Я на одном дыхании выпалила адрес Дженни.
– Мадам, вы находитесь в безопасном месте? – спросила женщина.
Я?
– Думаю, что да.
– Не кажется ли вам, что в дом пробрался злоумышленник?
Эту возможность я не рассматривала. Если так, то Мэтт вел бы себя иначе… разве нет?
– Не знаю. Я почти уверена, что нет.
– Мадам, я дам вам совет, которому вы и все, кто находится в доме, должны следовать, пока будете дожидаться приезда полиции и сотрудников экстренных служб.
– Хорошо, – сказала я, направляясь в спальню Дженни.
Комната задумывалась так, что в ней вы должны были чувствовать себя как в святилище, по крайней мере, самого последнего образца – Дженни переделывала ее убранство дважды с тех пор, как они с Мэттом переехали сюда, и всякий раз для того, чтобы разместить снимки на своем веб-сайте. В последний заход она выкрасила стены в светло-серый цвет и заменила тяжелые бархатные гардины на занавески из светлого хлопка и римские шторы. Ее огромная кровать была морем из белого постельного белья, и повсюду были растения – на полу в керамических горшках стояли высокие смоковницы с резными листьями, перед окнами из изящных стеклянных пузырей свисали эпифиты, на шкафах красовались орхидеи в кашпо, покрытых матовой глазурью. Как говорила Дженни, Мэтту казалось, будто каждую ночь он засыпает в тропическом лесу. Я никогда не могла уяснить, нравилось ему это или нет.
Как ни смотри, на кровати, как и вообще в комнате, Дженни не было. Собравшись с духом, я открыла дверь ванной комнаты, но в ванне на львиных лапах Дженни тоже не было, как и в просторной душевой кабине.
Женщина в телефоне все еще продолжала говорить, но я больше не слушала ее. «Ее кабинет», – вдруг подумала я.
Я нашла Дженни сидящей – вернее, развалившейся – в кресле кремового цвета в углу комнаты. Изящно раскинув руки и вытянув ноги с босыми ступнями, она была похожа на танцовщицу. Кресло стояло у окна, и последние лучи солнца отбрасывали странные тени на ее лицо, которое было…
Телефон выскользнул из моих рук и с глухим стуком упал на ковер.

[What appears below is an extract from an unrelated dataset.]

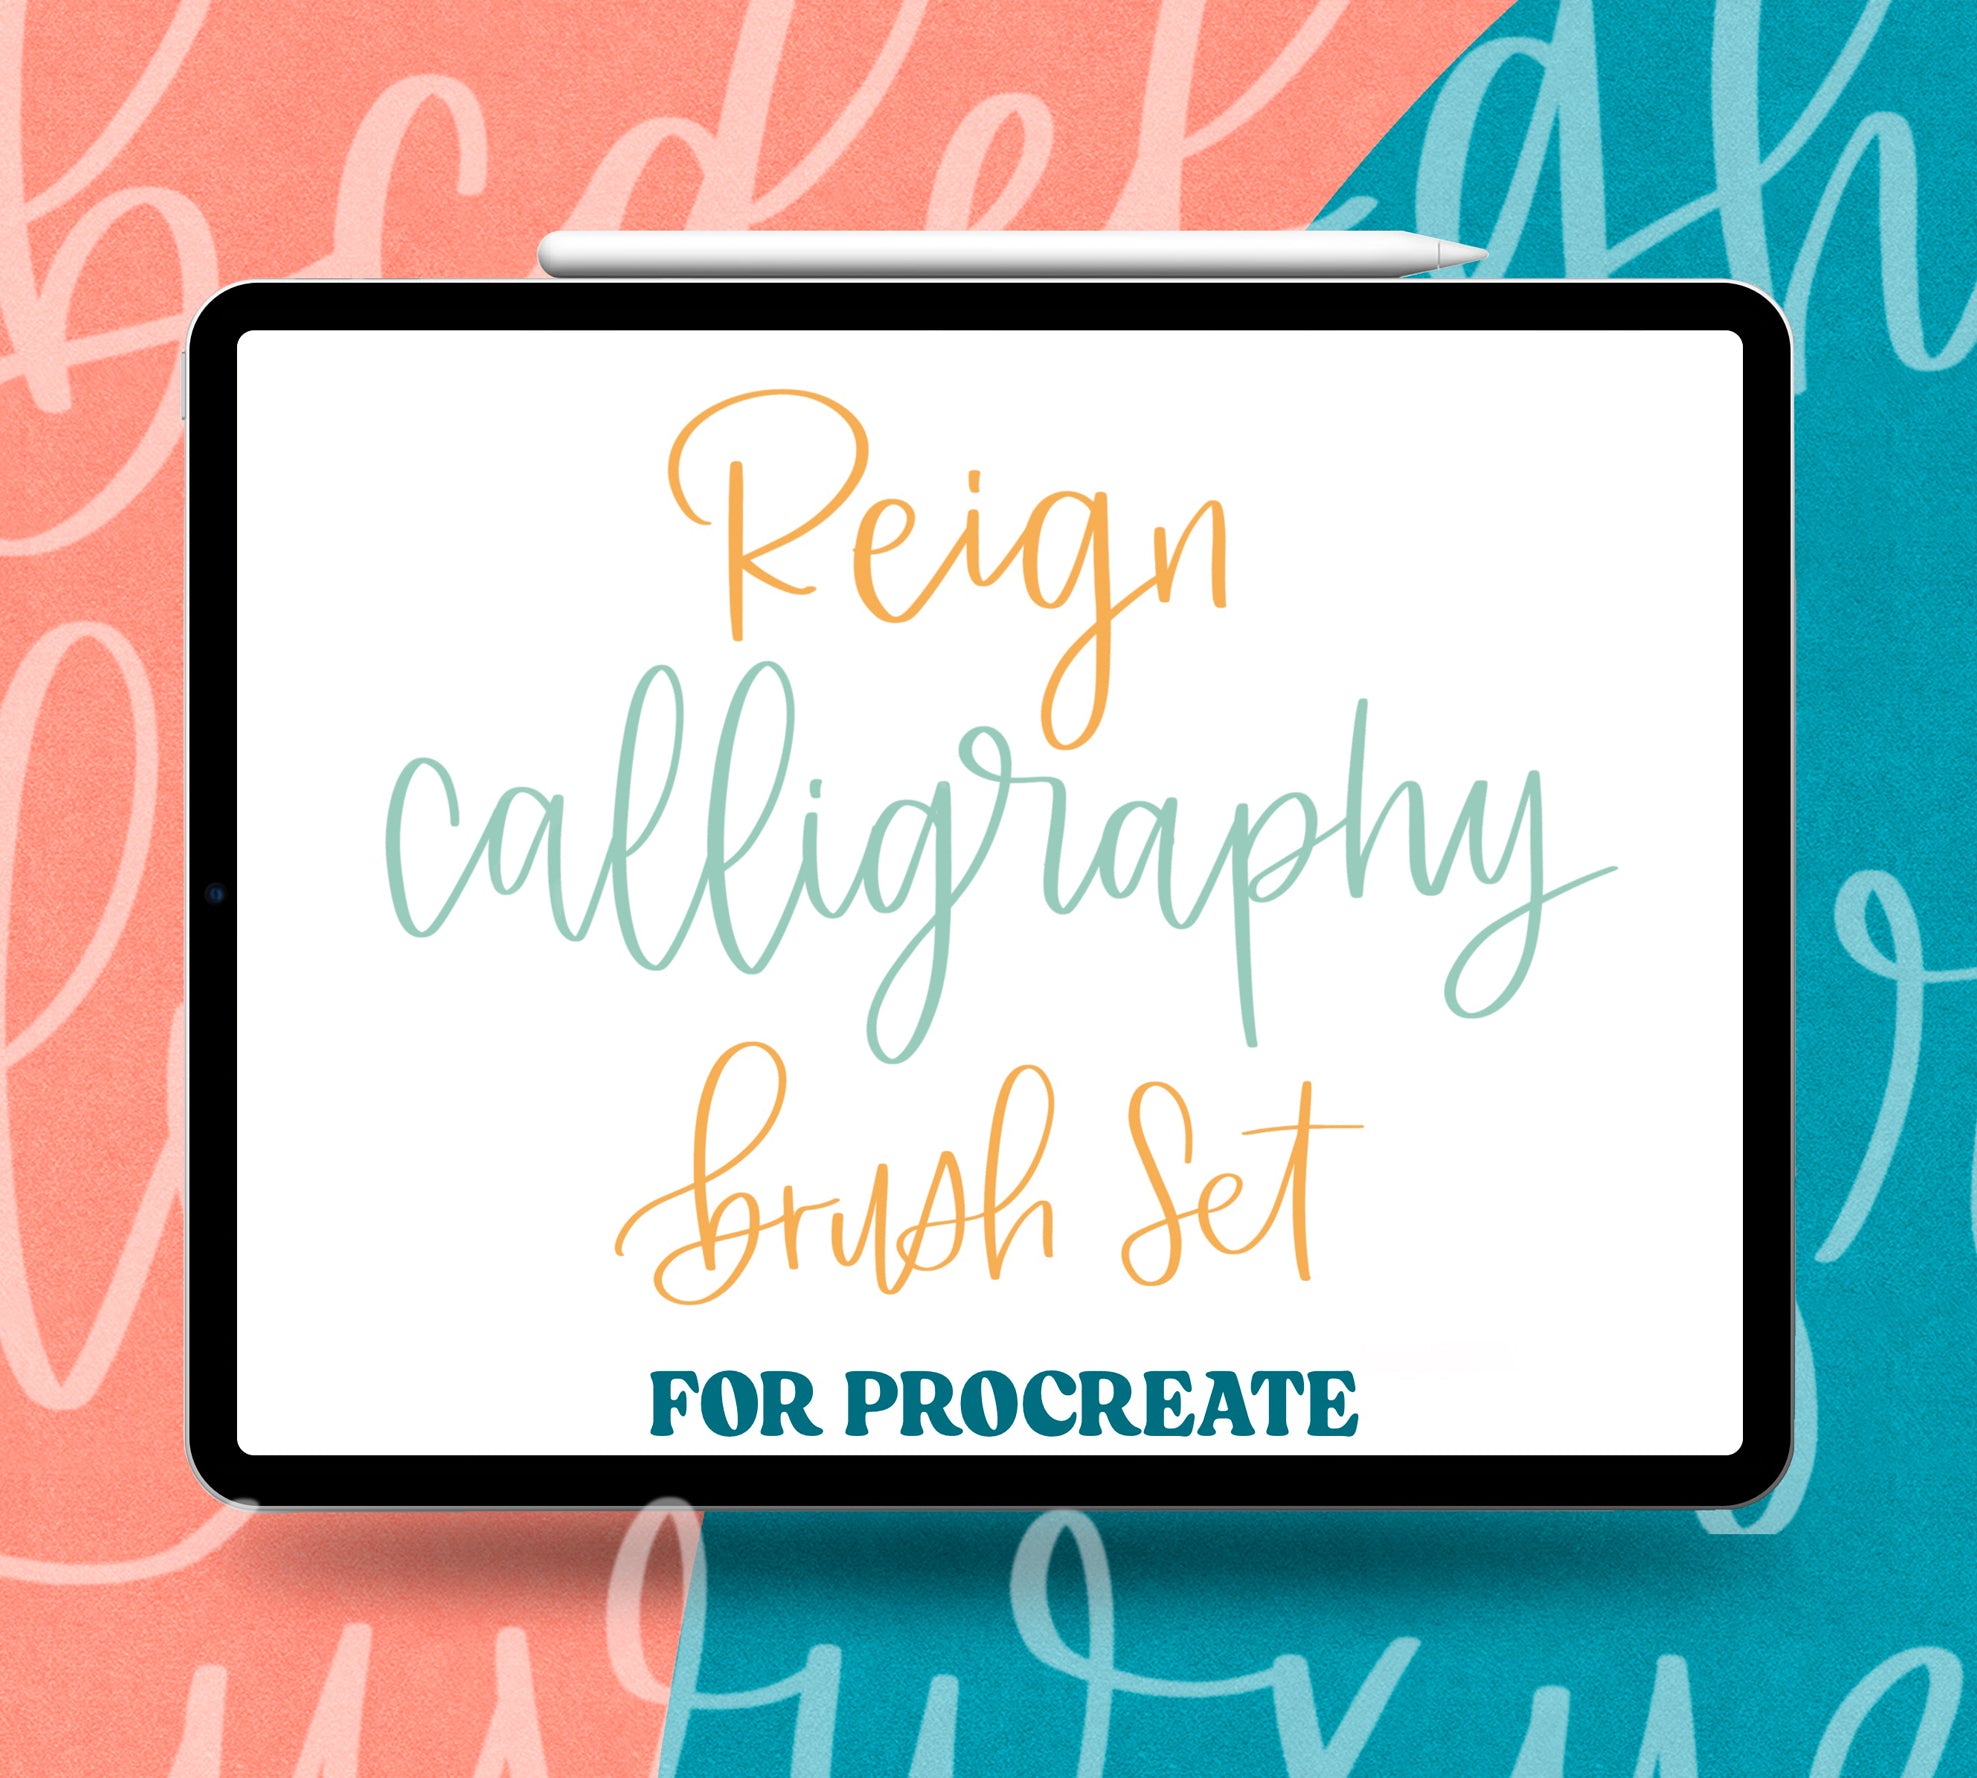 Calligraphy procreate brush set

С ее лицом было что-то не так. Кожа на скулах обмякла, а глаза, хотя и были закрыты, как будто смотрели в разные стороны. Губы были не ярко-розовыми, как обычно, а такими бледными, что почти сливались с кожей, рот был широко открыт, «очень широко, – подумала я, – слишком широко». Нижняя губа была чем-то испачкана – едой или, может быть, рвотой. Как ни старалась она защититься от вредоносного воздействия солнца, в середине июня ее кожа уже была покрыта золотисто-коричневым загаром, но сейчас ее руки и ноги были как будто замазаны белой шпатлевкой.
Что еще хуже, ее грудь не двигалась. И, поднеся руку к ее рту, я не смогла ощутить даже малейшей струйки воздуха.
«Но она не выглядит мертвой», – пришла мне в голову абсурдная мысль, ведь, по правде сказать, я никогда прежде не видела мертвецов, разве что на похоронах. Если бы она умерла, ее глаза были бы широко открыты… разве не так? Наверное, она задремала. Может быть, потеряла сознание.
– Дженни, – тихо позвала я, словно пытаясь тихонько разбудить ее. – Дженни! – повторила я, на этот раз громче. Но когда я взяла ее за плечи и встряхнула тяжелое тело, я поняла, что Мэтт был прав. Она была неживой.
Что означало, что вот она, прямо передо мной… но ее здесь нет. Ее вообще нет.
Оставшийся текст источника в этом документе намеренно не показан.